From least squares models we know that

$$ SE = \sqrt{Var(\hat{f}(x_0))} $$

$$ CI \approx \hat{f}(x_0) \pm 2*SE $$

### Logistic Polynomial Regression

$$ Pr(y_i>250|x_i) = \frac{exp\{\beta_0 + \beta_1 x_i + \beta_1 x_i + \beta_2 x_i^2 +\dots + \beta_d x_i^d\}} {1+exp\{\beta_0 + \beta_1 x_i + \beta_1 x_i + \beta_2 x_i^2 +\dots + \beta_d x_i^d\}} $$

same estimation as in standard Logistic Regression approach

## Step Functions

**Idea:** 
break the range of $X$ intro different bins $\Rightarrow$ fit a different constant in each bin

**Procedure:**
 1. create cutpoints $c_1,c_2,\dots,c_k$ in the range of $X$
 
 2. create $k+1$ Dummy Variables $$C_{k-1}=I(C_{k-1}\leq X < C_k)$$ with $C_i \in \{0,1\}\quad ,\forall i$ and $\sum_{i=1}^k C_i(x)=1 \quad ,\forall x$
 
 3. fit a linear model using least squares $$y_i=\beta_0+\beta_1 C_1(x_i) + \beta_2 C_2(x_i) + \dots + \beta_k C_k(x_i) + \epsilon_i$$ 
 
agian step functions can be performed using Logistic Regressions
 
### What is the problem with Step Functions?

unsless there are natural breakpoints, step functions can miss action (e.g. increasing linear trends)

## Basis Functions

**Idea:** 
use any function/ transformation of $X$ in $b(X)$ such that

$$y_i=\beta_0+\beta_1 b_1(x_i) + \beta_2 b_2(x_i) + \dots + \beta_k b_k(x_i) + \epsilon_i$$ 

Note: Polynomial Regression and Step-functions where special cases of basis functions

 * $b_j(x_i)=x_i^j$
 
 * $b_j(x_i)=I(C_j \leq x_i <C_{j+1})$
 
we can apply all tools available for least squares estimation, Inference, etc.

## Regression Splines

**Idea:**
piecewise polynomial regression with fitting the polynomial on different regions of $X$ (like a combination of polynomial regression and step functions)

$$
y_i= 
\begin{cases}
\beta_{01}+\beta_{11} x_i + \beta_{21} x_i^2 + \dots + \beta_{d1} x_i^d + \epsilon_i \quad , x_i<c \\
\beta_{02}+\beta_{12} x_i + \beta_{22} x_i^2 + \dots + \beta_{d2} x_i^d + \epsilon_i \quad , x_i\geq c 
\end{cases}
$$

Thresholds are calles knotes, more knots $\Rightarrow$ more flexible piecewise polynomial

**natural Spline**
regression spline with additional boundary constraints (function is required to be linear at the boundary)

### Where to place knots?

 - more knots $\Rightarrow$ more flexible function
 
 - at points where the function needs to be flexible 
 
 - *often place knots uniformly*
 
### How many kntos should we use?

**apply CV:**
 1. remove portion of data
 
 2. fit spline with certain number on knots
 
 3. make predictions

 4. repeat until each set was used for training
 
 5. calculate RSS
 
 6. repeat with different number of knots and compare!
 
### Comparing Polynomials and Splines

Regression Splines often give superoir results to polynomial regressions.

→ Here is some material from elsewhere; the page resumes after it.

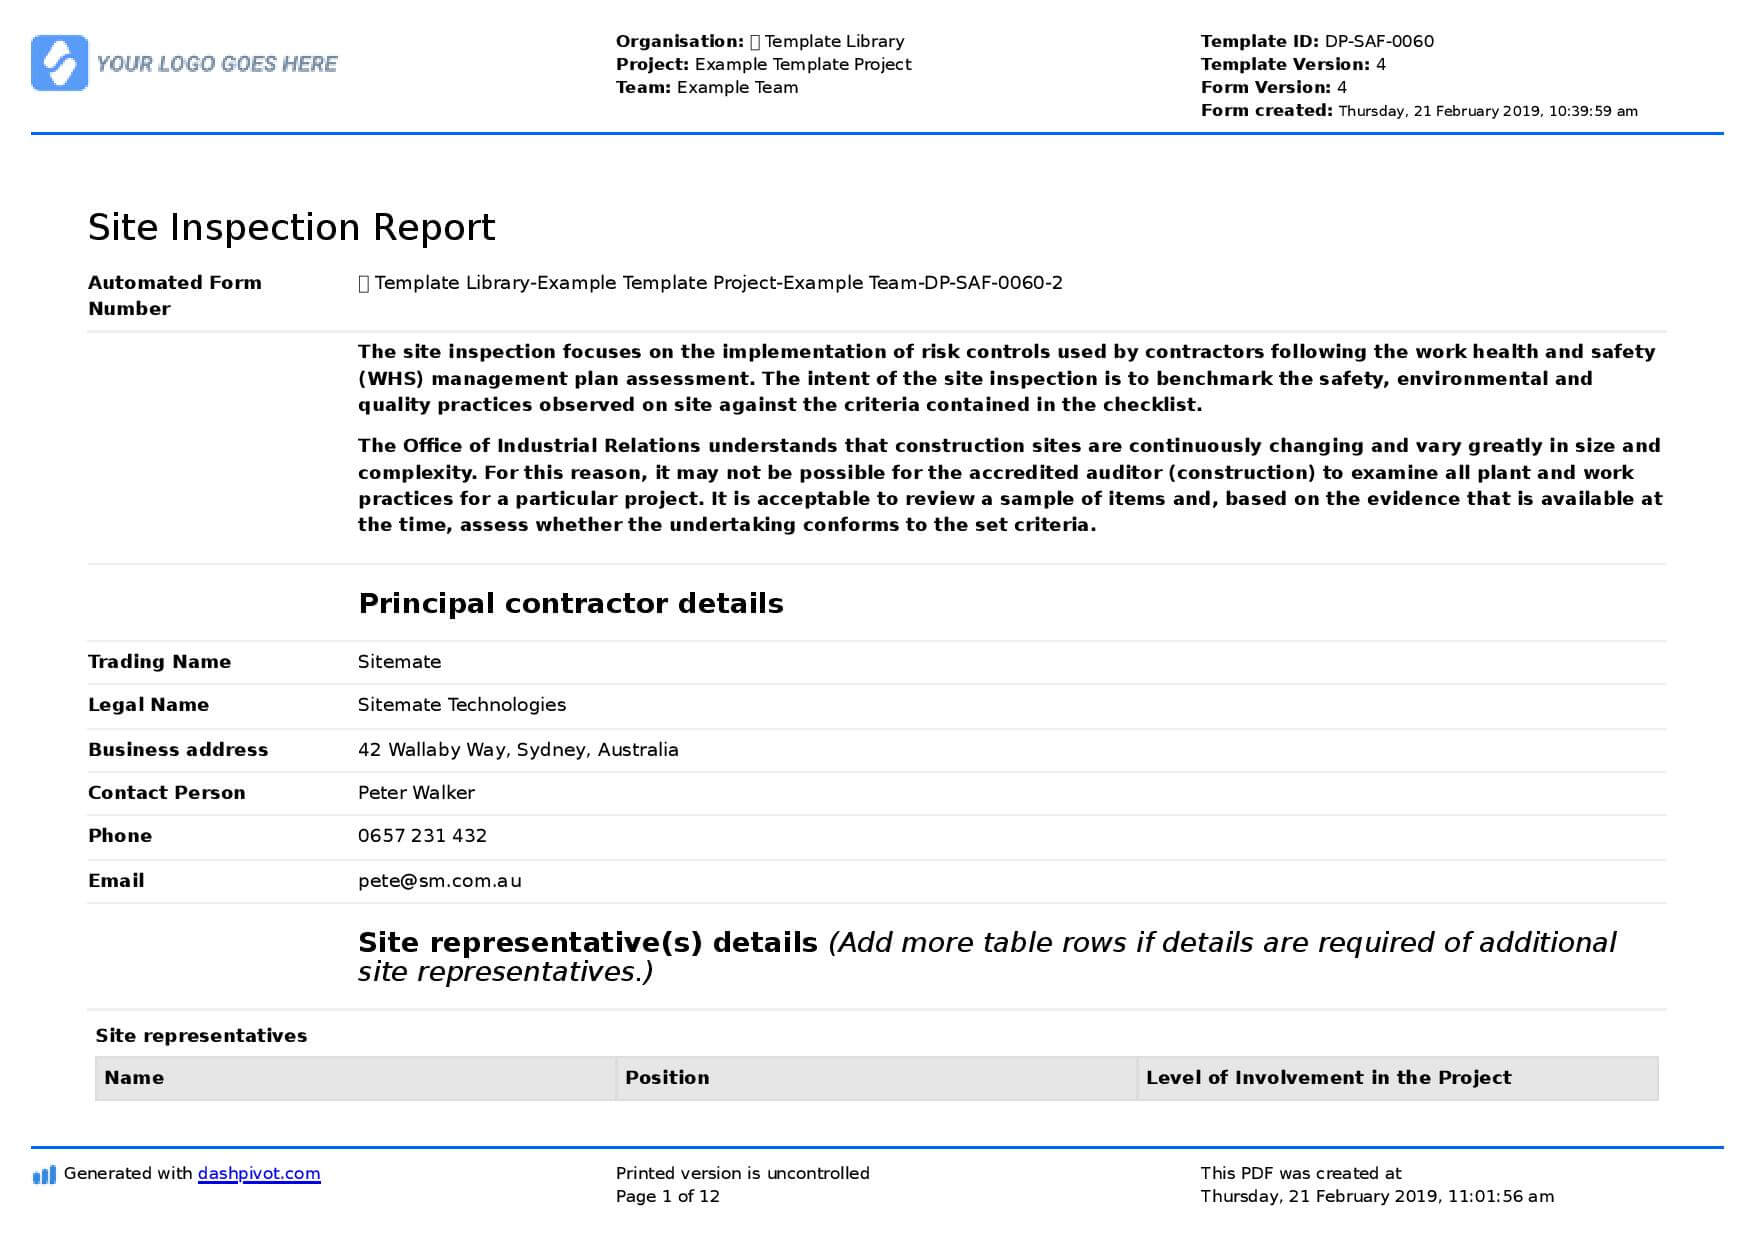 Site Inspection Report: Free Template, Sample And A Proven Regarding Part Inspection Report Template

 - polynomials need high degree to be flexible
 
 - splines introduce flexibility by increasing knots and keep degree fixed
 
**generally Regression Splines produce more stable estimates!**

## Exercises

Consider the following data generating process in which we have n observations and one covariate X covariates additional to a constant. $X \sim N_p(0, \sigma^2)$. $\beta = (1 1.5 (−1.5) 1.5)$ and the errors are drawn from a normal distribution $\epsilon \sim N (0, 1)$. The model is generated by $y_i = \beta_0 + \beta_1 x_i + \beta_2 x_i^2 + \beta_3 x_i^3 + \epsilon_i$.

a) Calculate the analytical standard errors for the polynomial specification above (as presented in the lecture) and use these to calculate the approximate confidence intervals as $2*SE$ for each value of $X$ you consider.

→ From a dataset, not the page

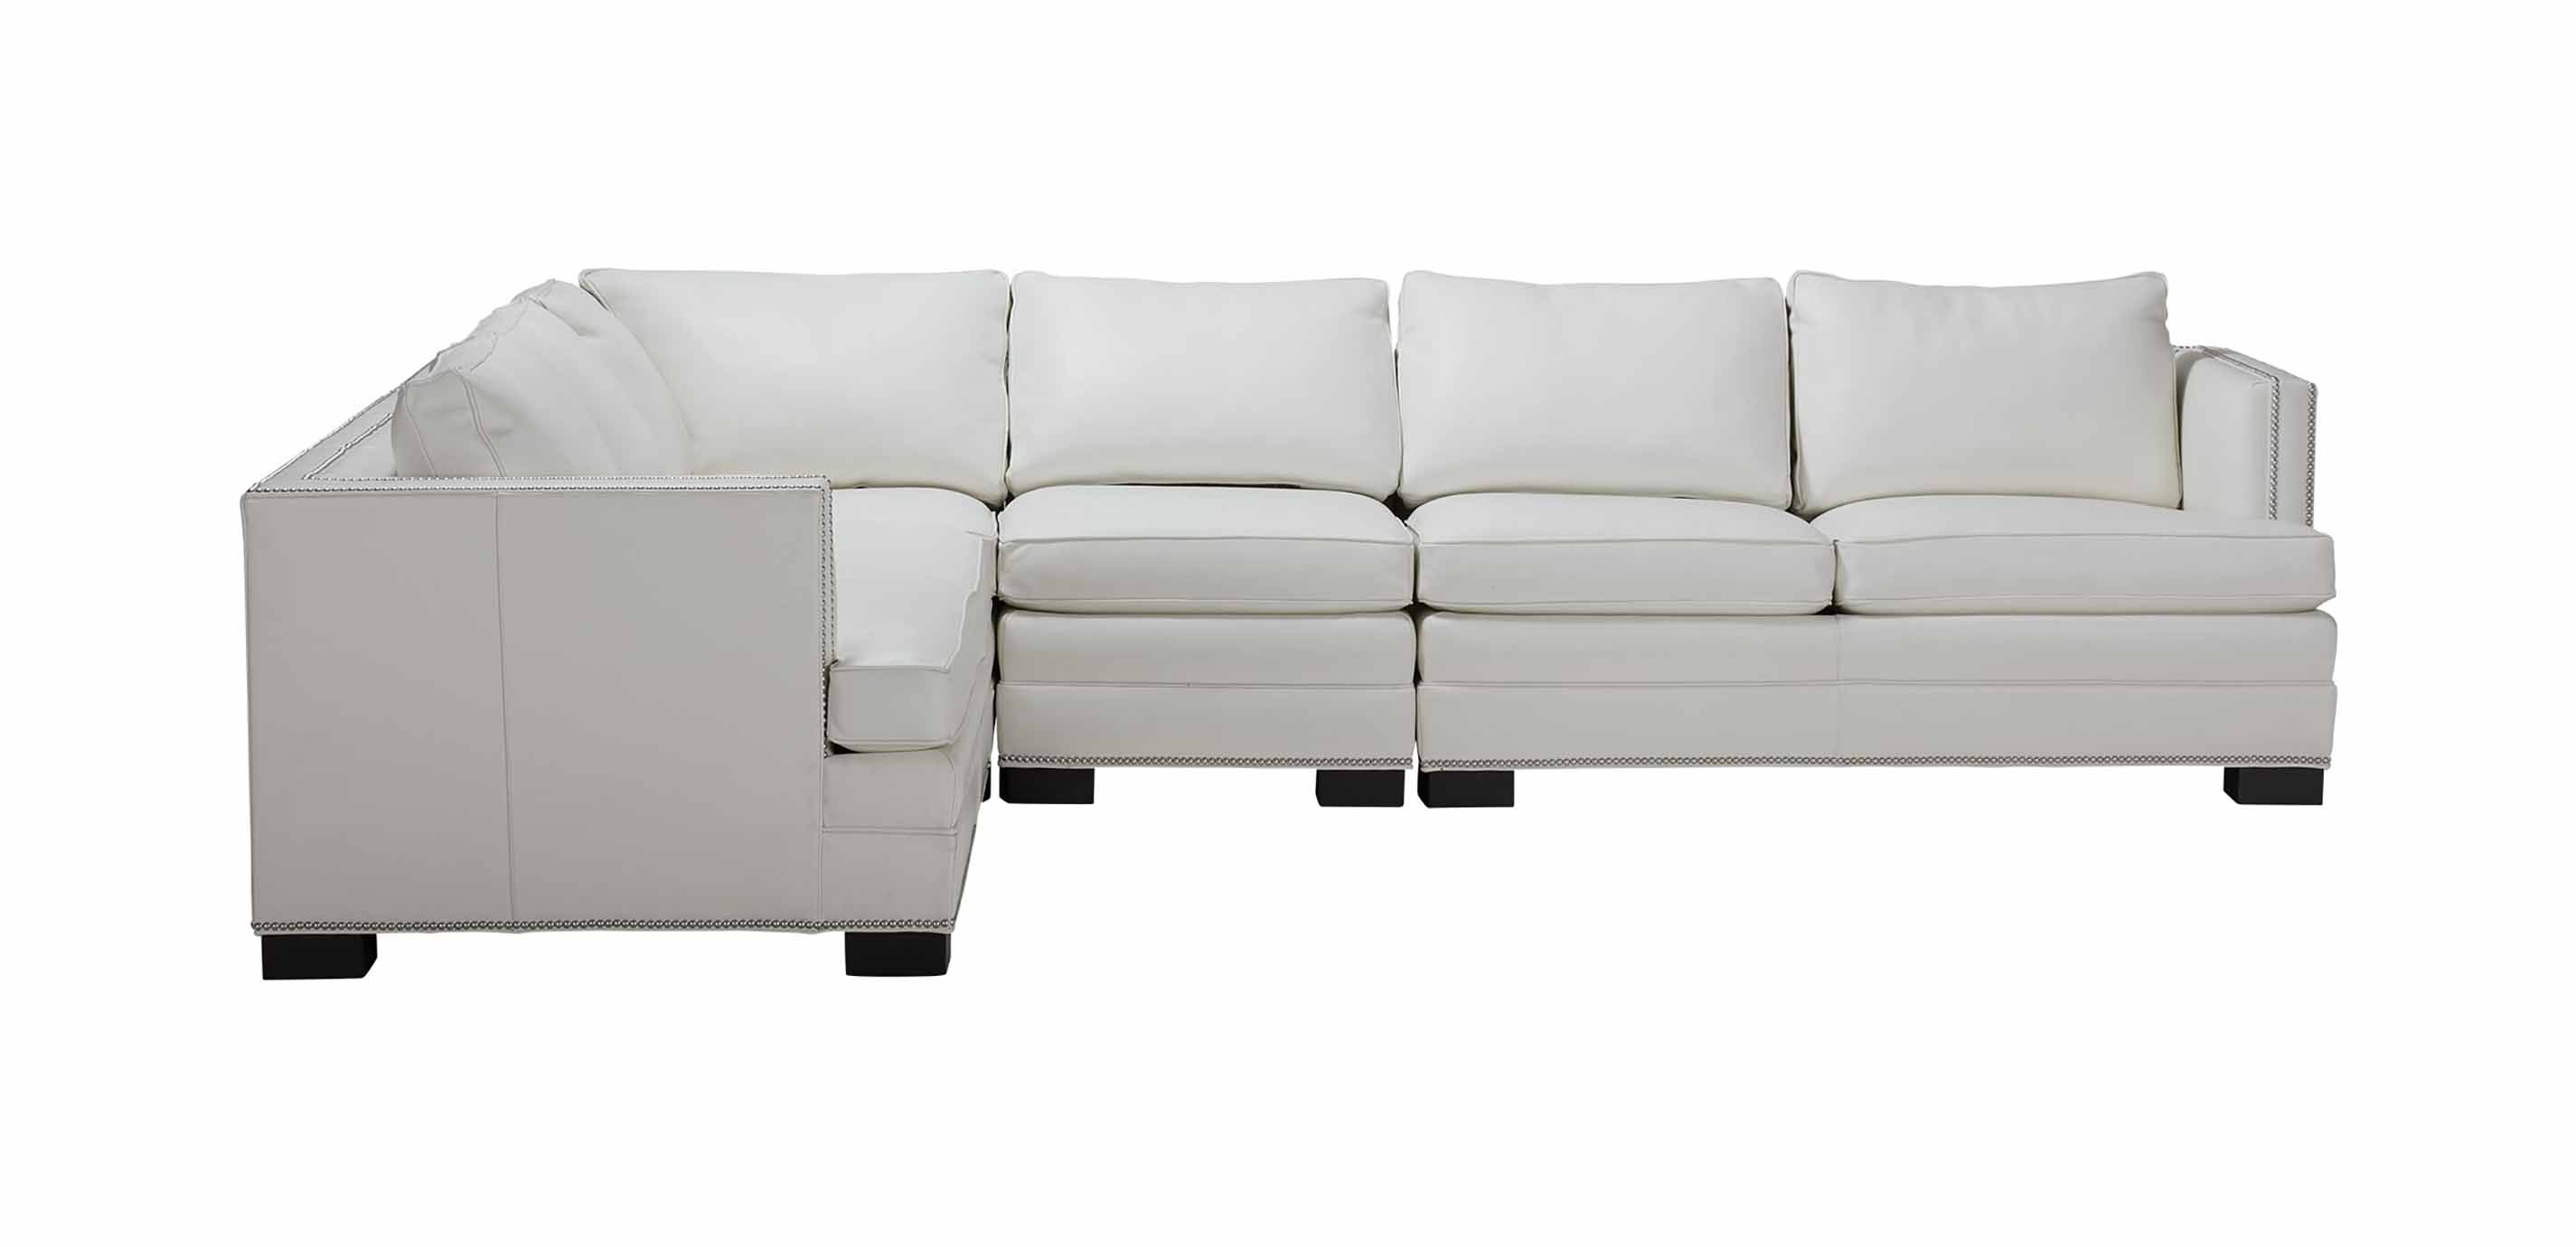 Astor Four Piece Leather Sectional

b) Calculate the naive bootstrap confidence intervals for B bootstrap draws from the original data, such that the nominal coverage for the two methods is the same.

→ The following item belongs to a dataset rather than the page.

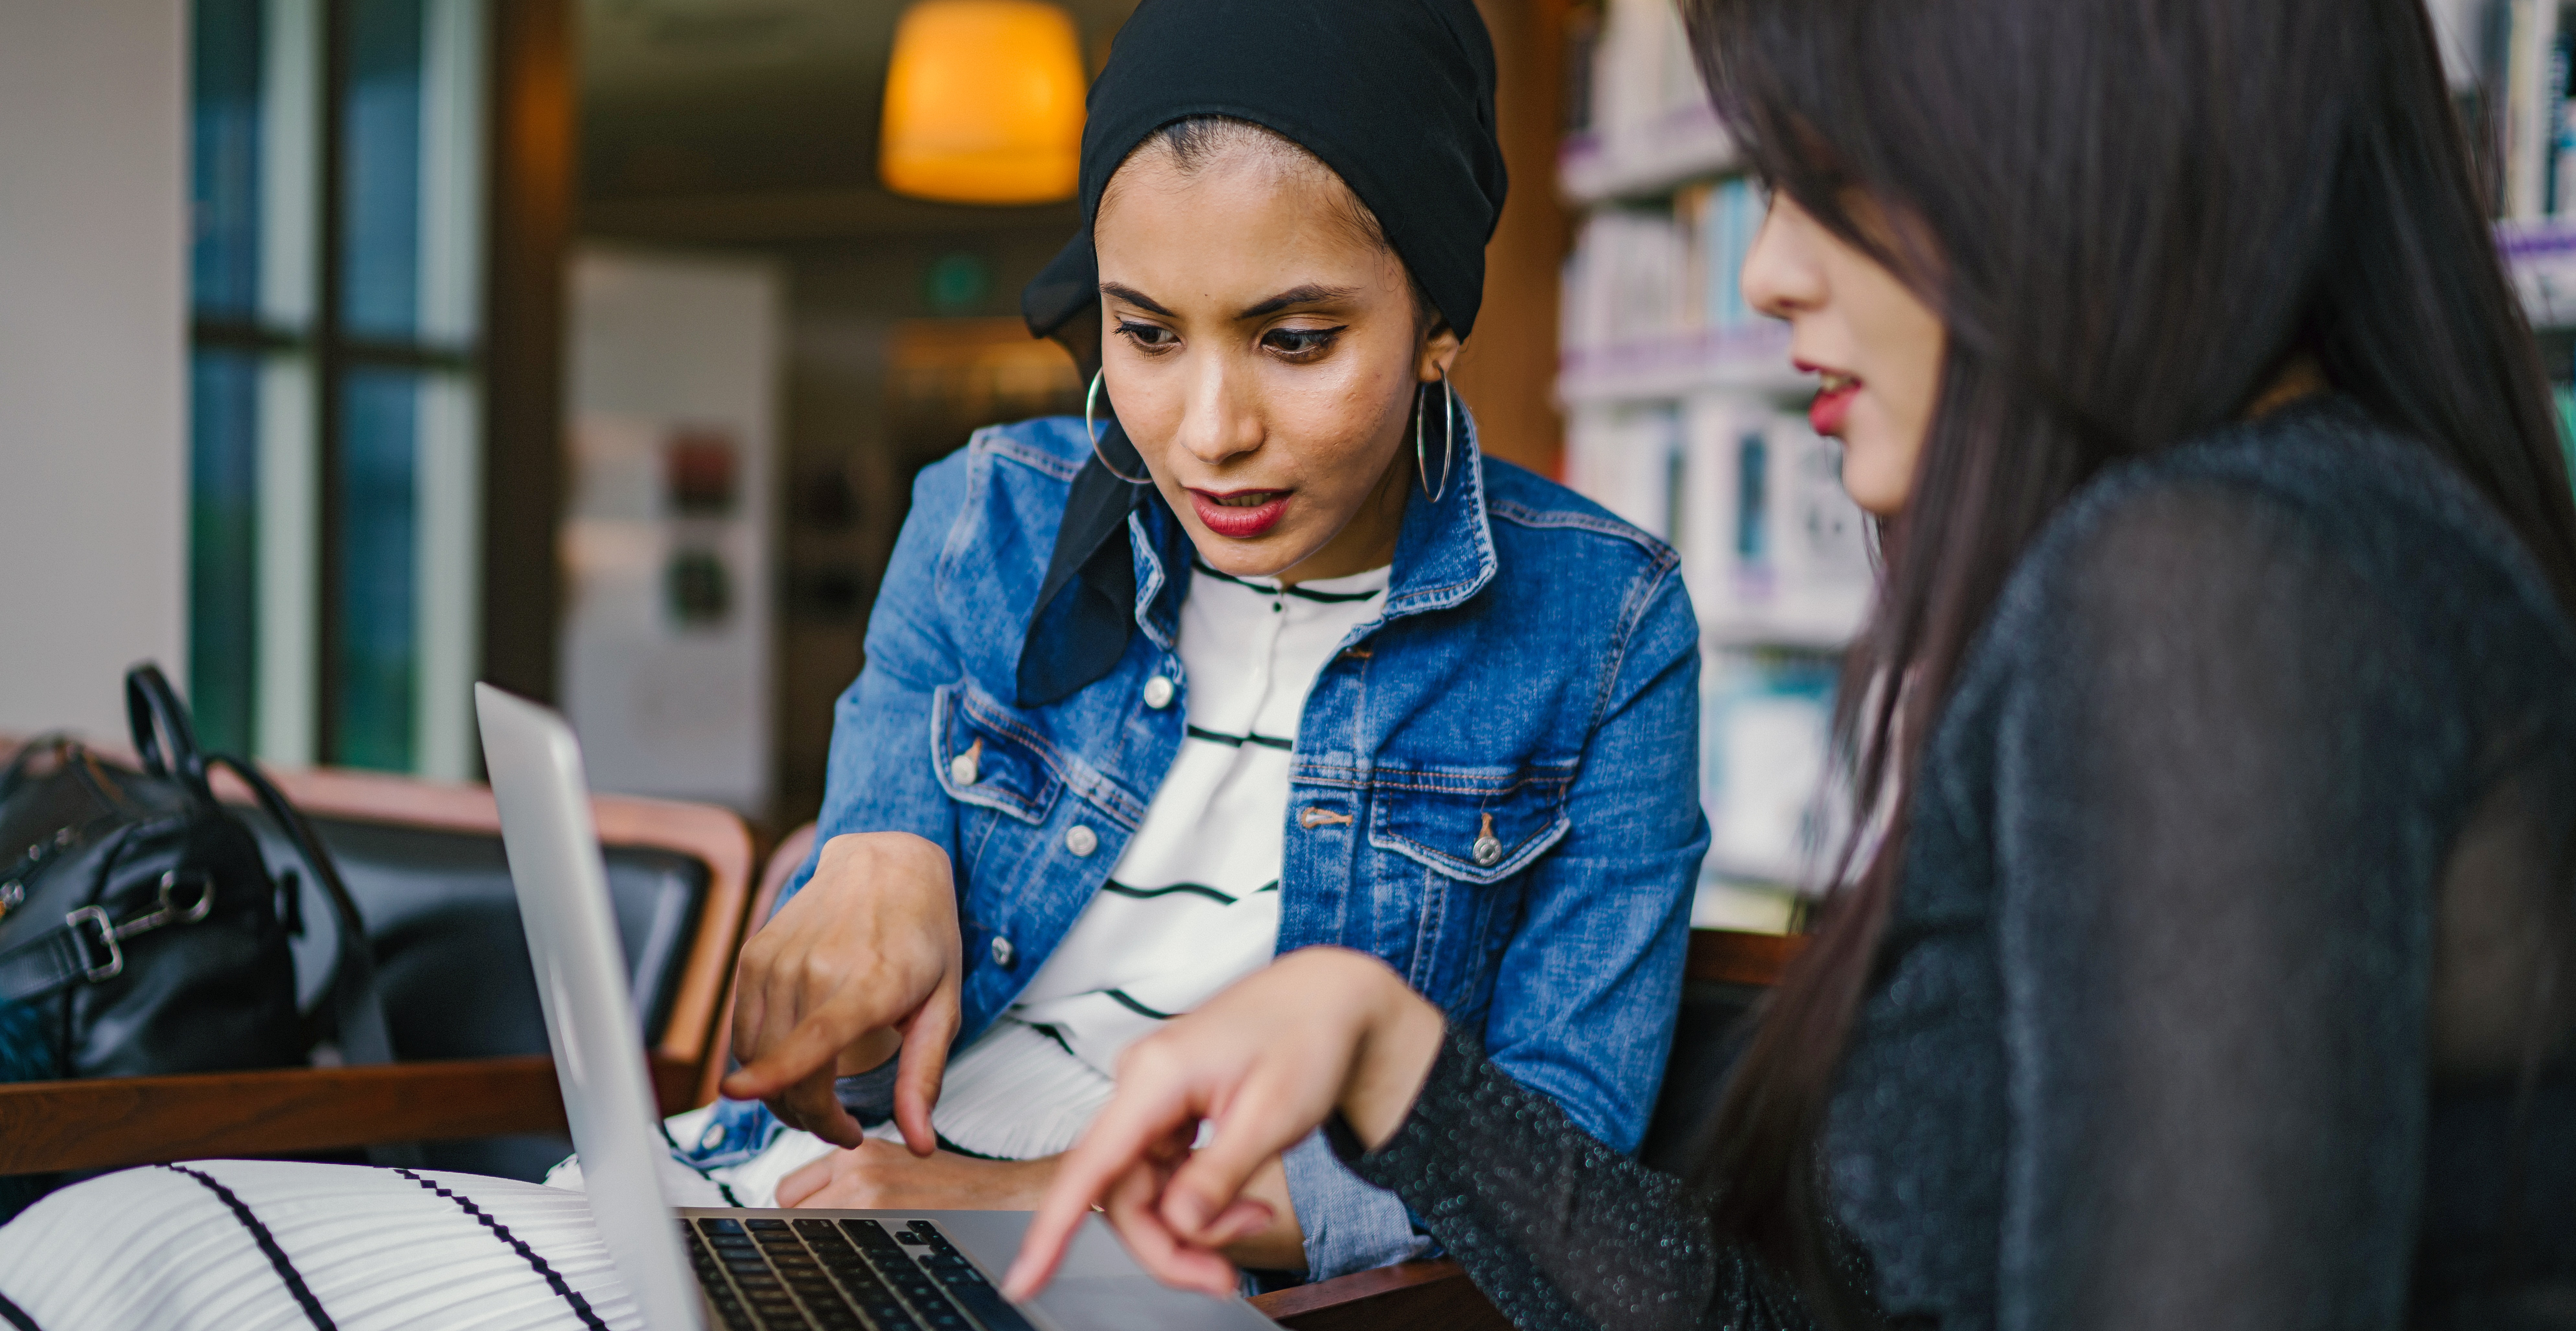 <p>Online learning enables you to attend degree programs anywhere in the world. Even so, the location of your master's degree program can make a difference.</p>

c) Calculate the coverage probability at four different values of X, chosen by you.

d) Calculate the interval length at four different values of X.

**Simulation Study**

Evaluate the two types of confidence intervals above along two dimensions: interval length and coverage probability.

a) Calculate both for a small simulation study of 100 repetitions.

b) How could you change the data-generating process to give a competitive advantage to the bootstrap?
Suggest two changes and check each in a simulation study.